The NBC broadcast nicely contrasts the demands that glucose monitoring and insulin shots impose on Type I diabetes patients with the tremendous uncertainty associated with experimental stem cell treatments that might free patients from these daily routines. It summarizes the treatment’s apparent benefits and potential harms, as well as ethical concerns about exporting research on dangerous treatments to countries such as Brazil where patients may not fully understand the risks.

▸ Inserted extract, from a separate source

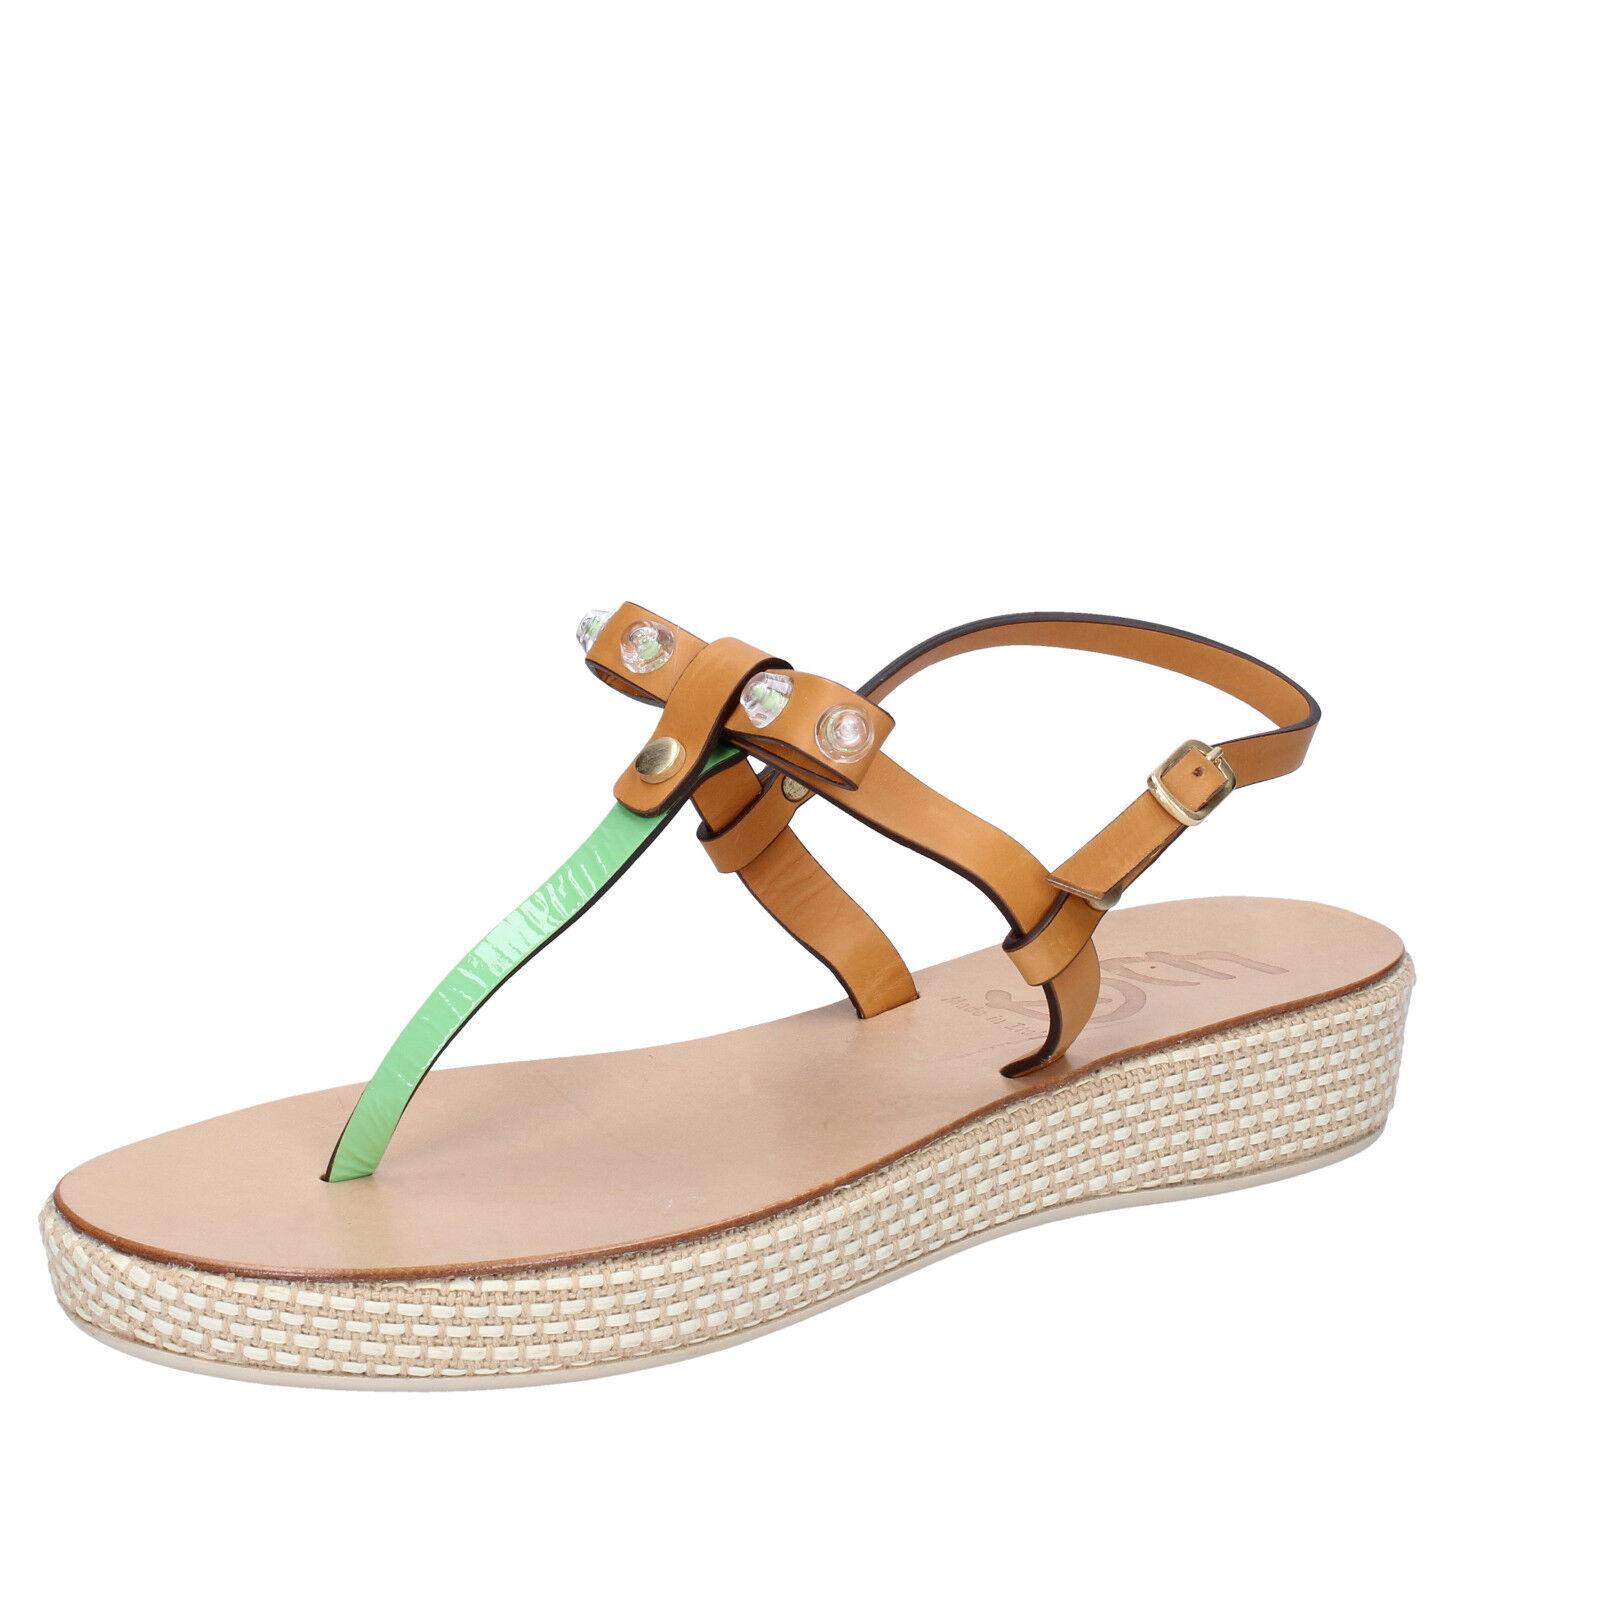 Scarpe donna EDDY DANIELE 37 EU sandali AX772-37 marrone verde pelle vernice AX772-37 sandali b555c6

If the broadcast has a weakness, it is that it fails to mention the limitations inherent in any small, nonrandomized, nonblinded study with short follow-up that investigates a new treatment in patients with a chronic disease requiring lifelong care. (See “Evidence” above.) Even if the treatments were relatively safe and conducted in the U.S., viewers should understand that such studies are awash in potential biases and should always be approached with caution.
There was no discussion of the cost of this experimental procedure, and although it is an experimental procedure, some attempt could have been made to project costs.
The broadcast states that 14 of 15 patients “seem to be cured because they have not needed insulin shots for as long as three years.” This is the main finding of the research and a reasonable summary of the therapy’s benefit.
The broadcast outlines the harms that this “potentially very dangerous procedure” might cause (e.g. infection) as a result of knocking out a patient’s immune system.
The broadcast explains that 14 of the 15 patients who received the experimental treatment no longer need injections of insulin to control their diabetes. Though the broadcast cites experts urging caution about the safety of the new therapy, no one points out that even if the procedure were safe, the remarkable findings could be the result of chance or bias. As the researchers point out in their published manuscript, these findings will need to be validated in studies that randomly assign patients to both the new treatment and a comparison therapy (such as standard care or a sham), assess their health using clinicians who do not know which treatment each patient received, and conduct tests to explain how exactly the new treatment seems to work. Because there is often a period of remission after the onset of Type I diabetes in which patients appear to improve without extraordinary measures, doctors will also have to follow both groups of patients for a longer period of time. The broadcast, though cautious (and limited by TV’s self-imposed time constraints), does not explain this.
The broadcast balances statements from a cautious but hopeful coauthor of the new research with those of both a concerned academic ethicist and the mother of a young girl who has Type I diabetes.
The broadcast transcript mentions insulin injections, the standard of care for Type I diabetes. In addition, the video shows a seven-year-old girl managing her disease through a daily routine of glucose monitoring and insulin shots–an effective way to illustrate the discipline and hardships the current standard therapy imposes on children with the disease, as well as why new approaches would be so welcome.
The story makes it clear that this is an experimental treatment and not widely available.
The broadcast suggests that this form of stem cell therapy is new. This is true, though experimentation with similar treatments for Type I diabetes go back to the 1990s.
No obvious use of text from the press release.